Location of Blaine in Grainger County, Tennessee.
Location of Blaine in Grainger County, Tennessee.
Coordinates: 36°9′3″N 83°42′2″W / 36.15083°N 83.70056°W / 36.15083; -83.70056
CountryUnited States
Named forRobert Blaine[2]
 • TypeMayor-council
 • MayorMarvin Braden
 • Vice MayorDarrell Williams
 • City Council
List of Councilmen
 • Total9.53 sq mi (24.69 km2)
 • Land9.52 sq mi (24.65 km2)
 • Water0.02 sq mi (0.05 km2)
Elevation1,037 ft (316 m)
 • Total2,084
 • Density219.00/sq mi (84.55/km2)
Time zoneUTC-5 (Eastern (EST))
 • Summer (DST)UTC-4 (EDT)
ZIP code
Area code865
FIPS code47-06340[6]
GNIS feature ID2403874[4]
U.S. Route

Blaine, formerly known as Blaine's Crossroads,[7] is a city in Grainger County, Tennessee, United States,[4] and a suburb of neighboring Knoxville.[8] It is part of both the Knoxville Metropolitan Statistical Area and the Morristown Metropolitan Statistical Area. The population was 2,084 at the 2020 census.[9]

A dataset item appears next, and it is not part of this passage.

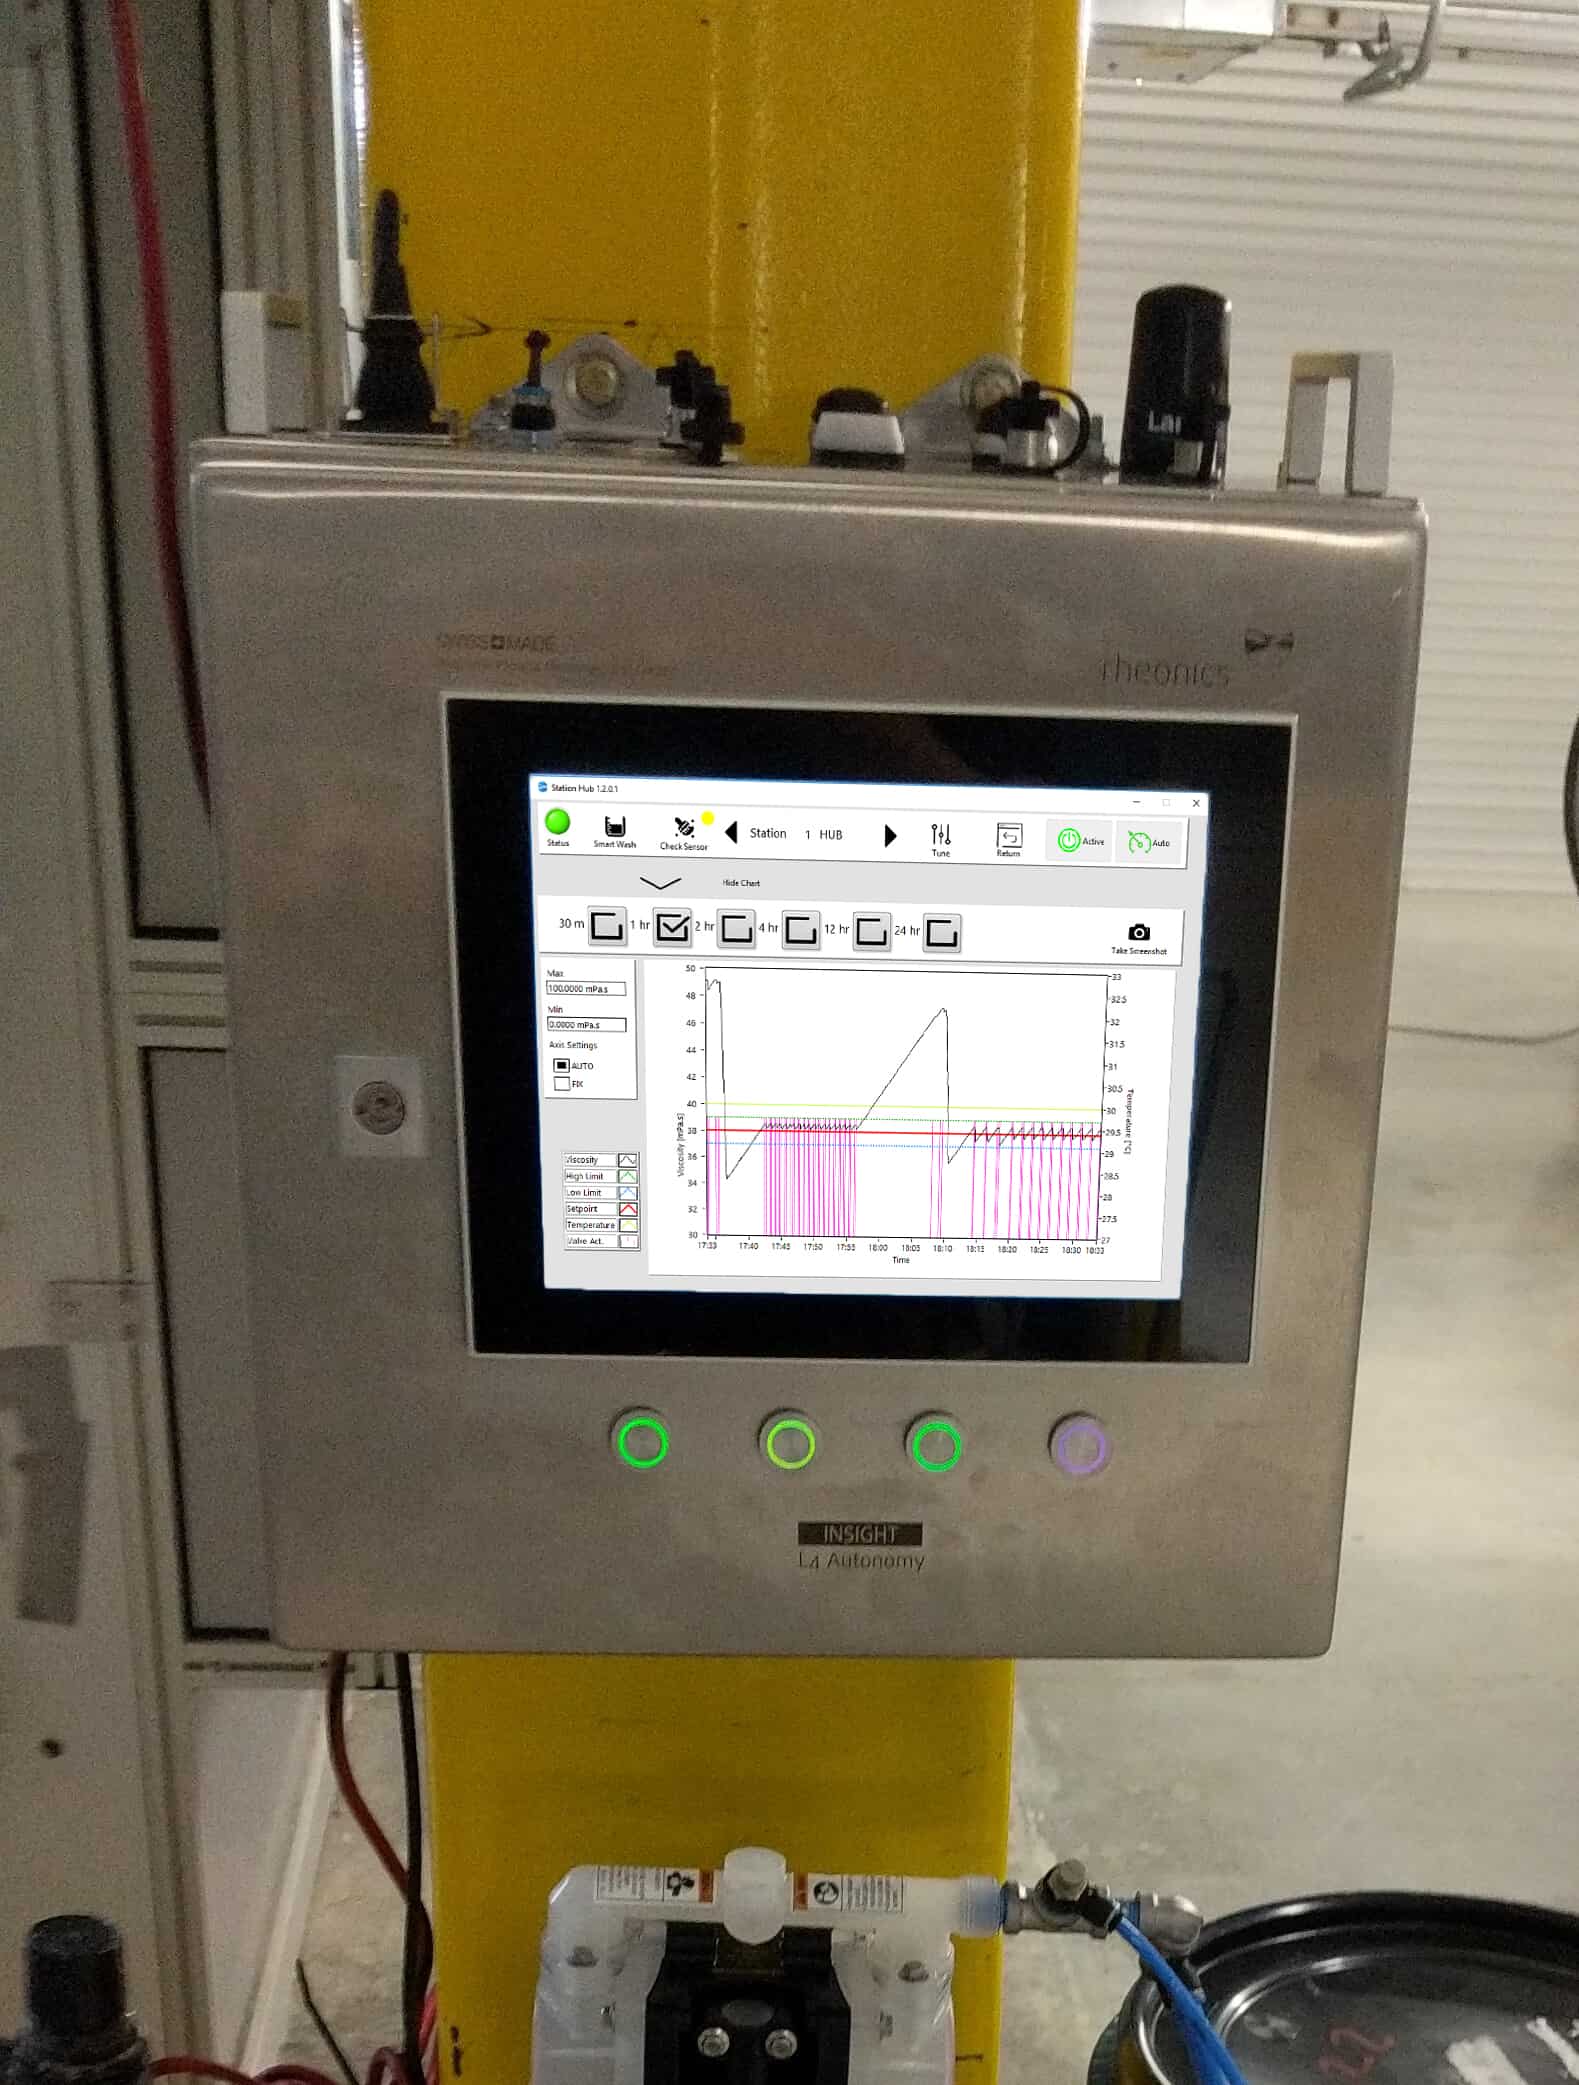 Rheonics Slurry Monitoring and Control System installed in factory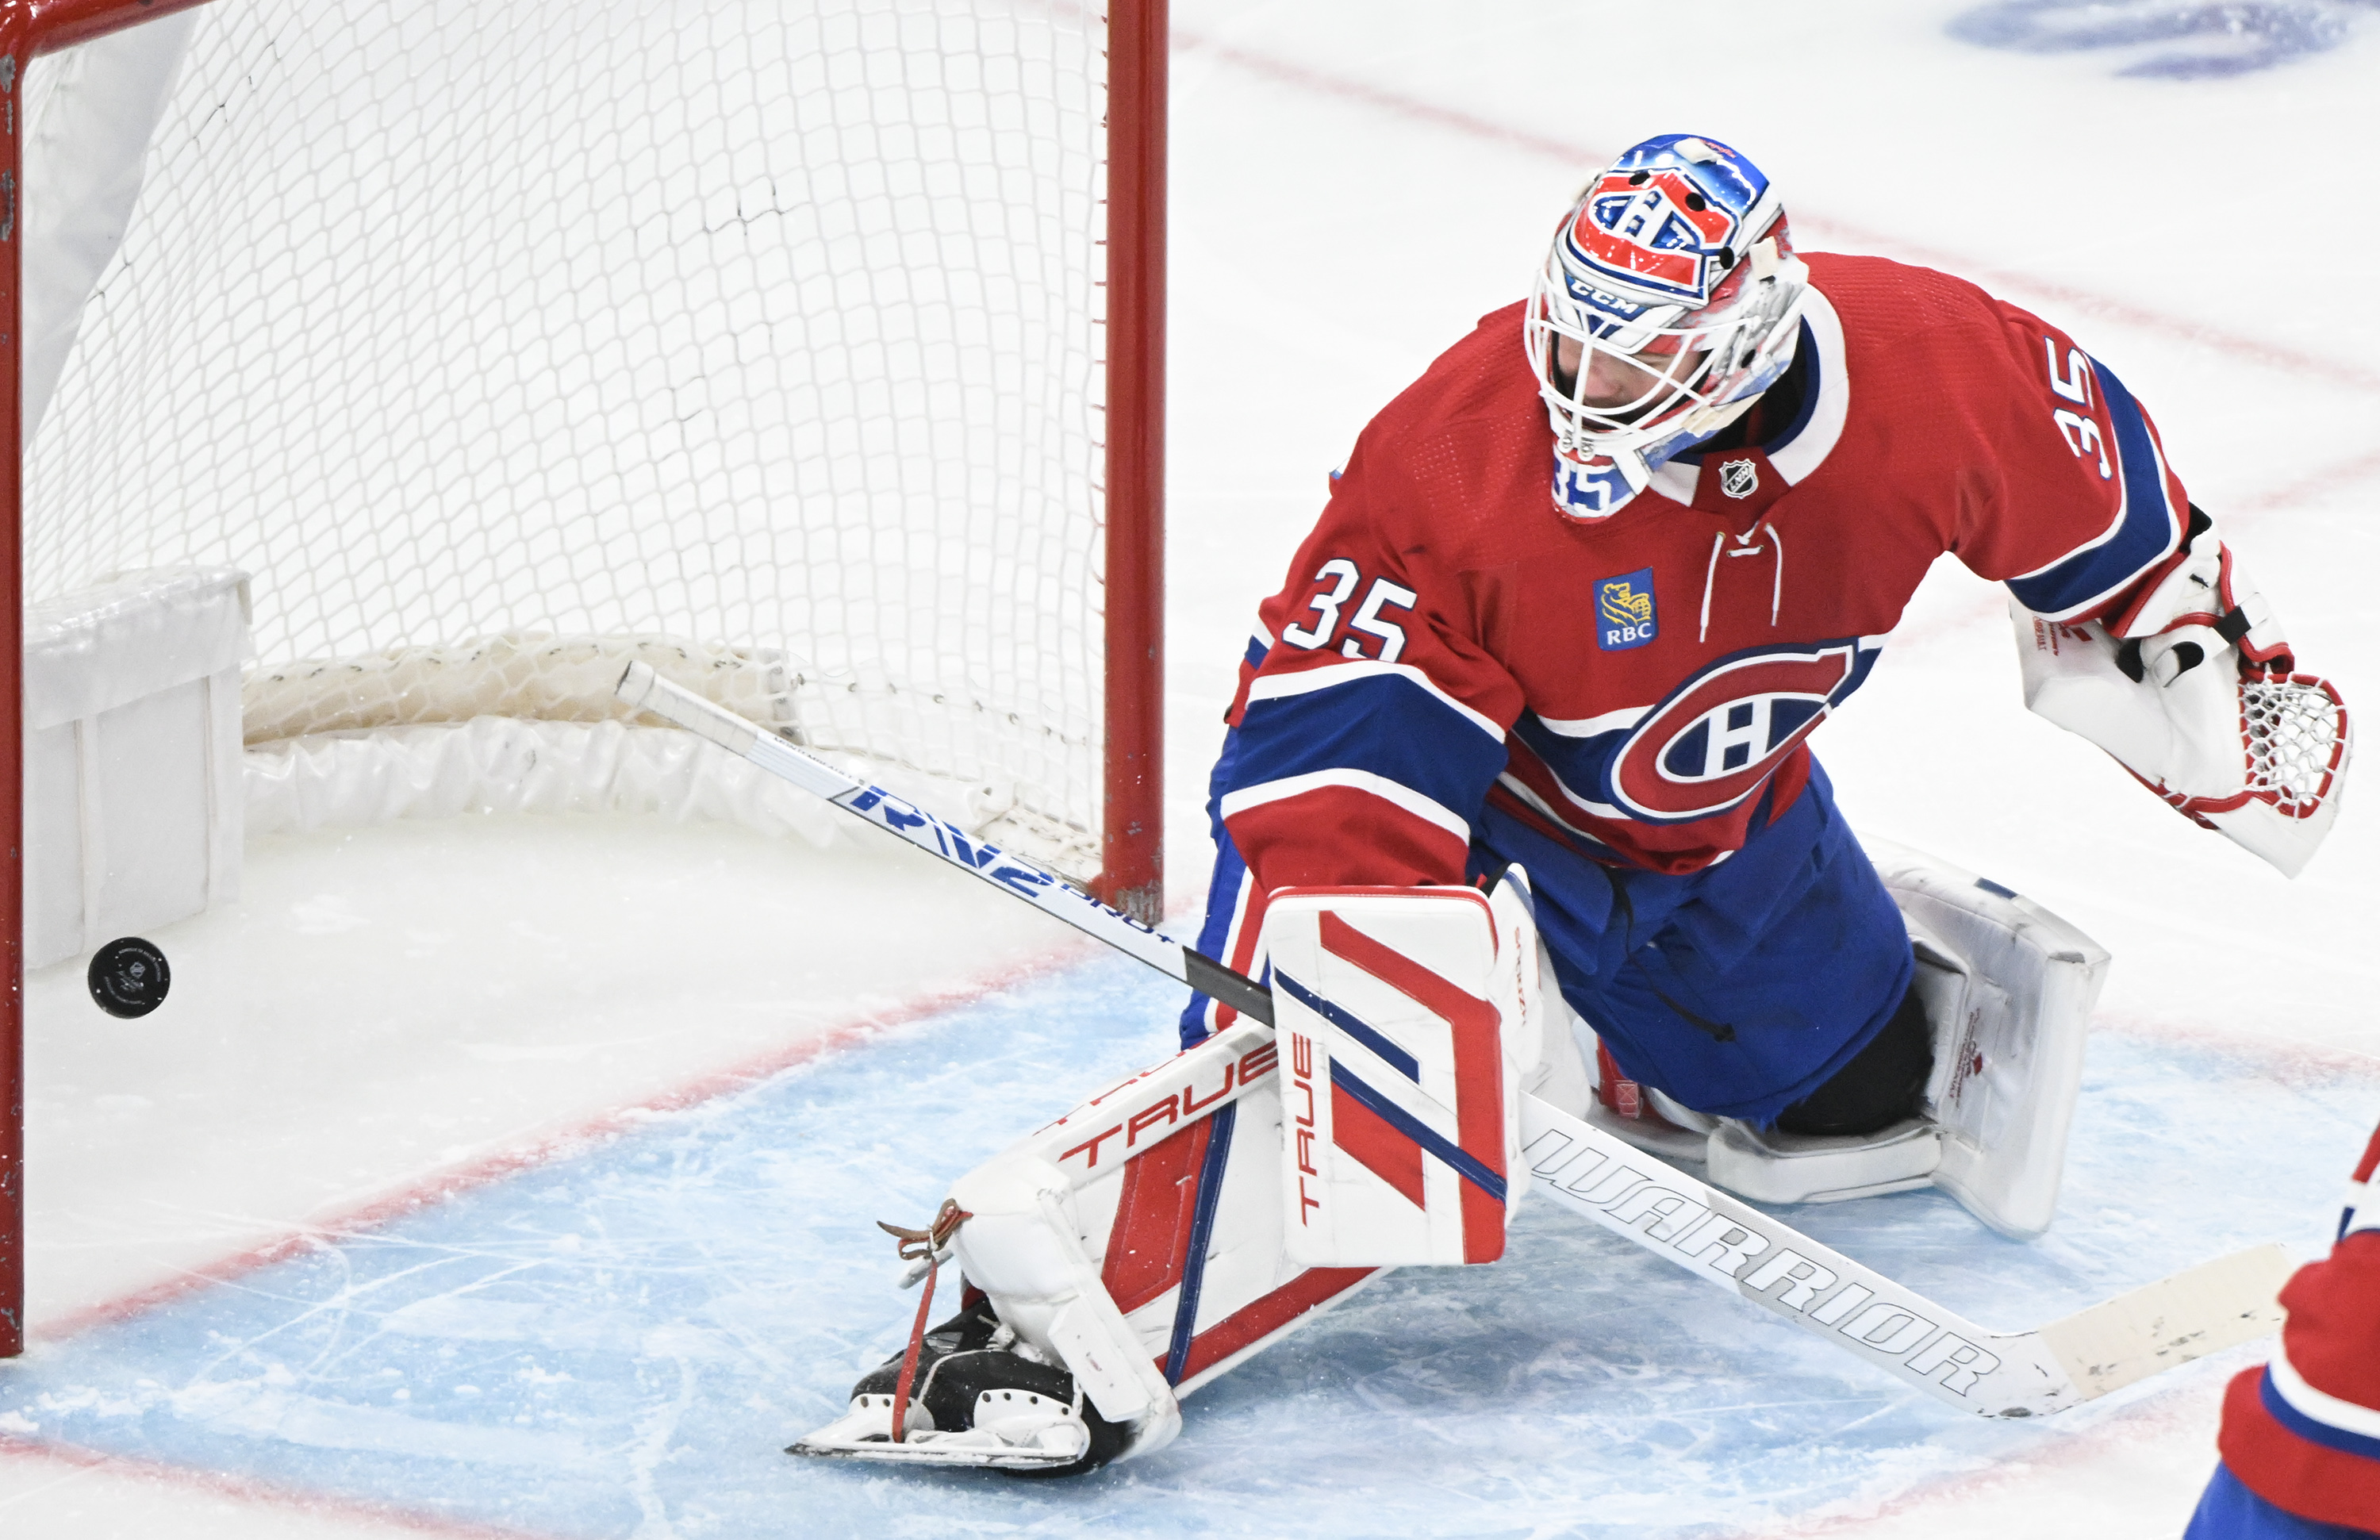 Call of the Wilde: Montreal Canadiens miss an opportunity with 2-1 loss to Flames

Blaine was originally known as Blaine's Crossroads (sometimes spelled "Blain"). During the early 19th century, it was located at the intersection of several important roads,[7] including the eastern terminus of the Emory Road (present day SR 61), which traversed northern Knox County,[10] the northern terminus of Indian Ridge Road, and the Great Indian Warpath, present-day U.S. Route 11W.[7] Shields' Station, a popular tavern and store, had been built in Blaine by the early 1830s. Blaine later served as a stop along the Knoxville and Bristol Railroad, also known as the Peavine Railroad, in the late 19th and early 20th centuries.[11]

During the American Civil War, Blaine's Crossroads served as the site of retreat of Confederate forces following General James Longstreet's victory in the Battle of Bean's Station.[12] Longstreet and his forces attempted to siege westward into Blaine's Crossroads, as part of the Knoxville campaign to capture the city of Knoxville.[12] Union army forces retreating from Bean's Station moved into Blaine's Crossroads, making a stronger defense at the community for Union military forces.[12] Overmatched by the strength of the Union Army, Longstreet and his forces retreated at Blaine's Crossroads, ending the Confederacy's attempt at controlling Knoxville.[12]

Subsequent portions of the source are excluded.